Note: Polysemous codes are primarily PQ codes. Therefore the performance of polysemous codes and regular PQ is identical when the comparison is independent from the index assignment, which is the case for ADC and disidx. For instance the combinations PolyD/ADC, PolyR/ADC and PQ/ADC are equivalent both in efficiency and accuracy.
Table 1 details the performance of the aforementioned PQ constructions. First, note that the accuracy of disidx is low, and that it is also relatively slow due to the lack of a dedicated machine instruction. Second, these results show that our index assignment optimization is very effective for improving the quality of the binary comparison. Without this optimization, the binary comparison is ineffective both to rank results (PQ/binary), and to filter (PQ/dual). The ranking loss PolyR is slightly inferior to PolyD, so we adopt the latter in the following.

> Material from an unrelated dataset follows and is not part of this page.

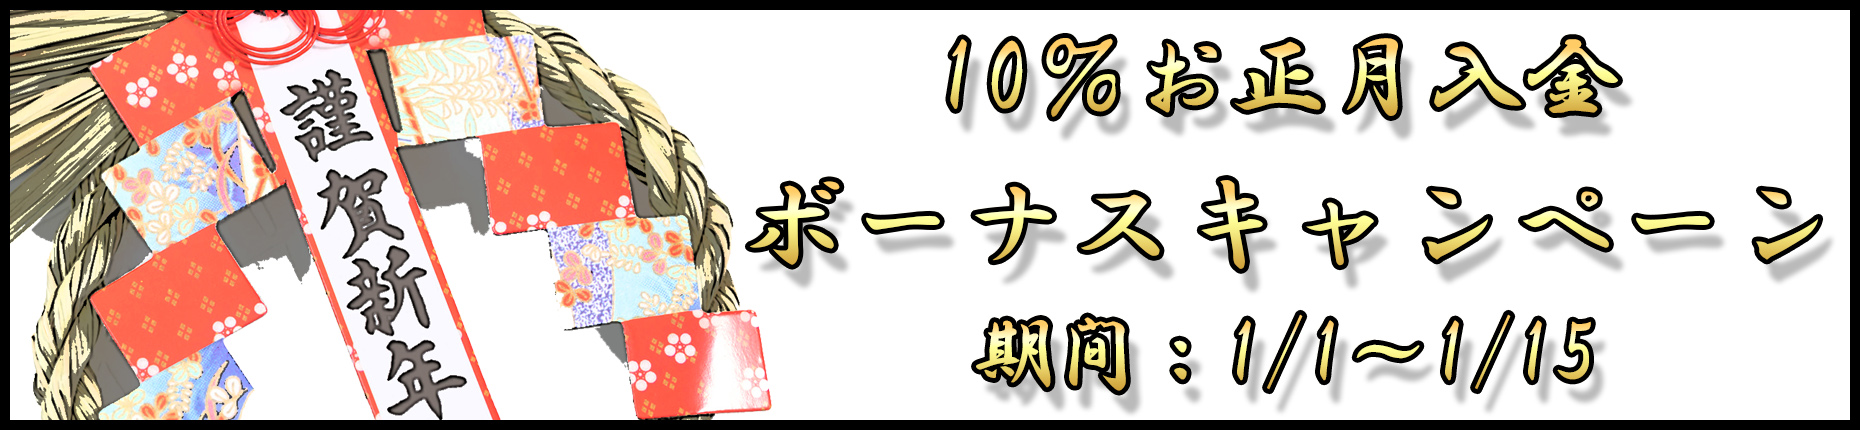 【FXDD】お正月10%入金ボーナスキャンペーン

Figure 3 confirms the relevance of PolyD/dual. It gives the performance achieved by this method for varying Hamming thresholds \(\tau \), which parametrizes the tradeoff between speed and accuracy. Polysemous codes allow us to make almost no compromise: attaining the quality of PQ/ADC only requires a minor sacrifice in search time compared to binary codes. With threshold \(\tau =54\), 90–95 % of the points are filtered out; for \(\tau =42\) this raises to more than 99.5 %.
Convergence: Figure 4 shows the performance of the binary filtering as a function of the number of iterations. The algorithm typically converges in a few hundred thousand iterations (1 iteration \(=\) 1 test of possible index swaps). For a set of PQ subquantizer with 256 centroids each, this means a few seconds for the distance reconstruction loss PolyR and up to one hour for the ranking loss PolyR.
4.3 Comparison with the State of the Art
As mentioned in the related work Sect. 2, for large datasets the best tradeoffs between accuracy, search time and memory are obtained by hybrid methods [4, 27] that combine a preliminary space partitioning, typically implemented through clustering, with compact codes learned on residual vectors. That is why we combine our polysemous codes with IMI [4]. This method partitions the space with a product quantizer (the “coarse” partitioning level) and uses PQ to encode residual error vectors. The search proceeds by selecting a few inverted lists at the coarse level, and then use the residual PQ codes to estimate distances for the vectors associated with the selected lists. We further optimize the computation of the lookup tables involved in PQ when multiple lists are probed [6], and use an optimized rotation before encoding with PQ [18].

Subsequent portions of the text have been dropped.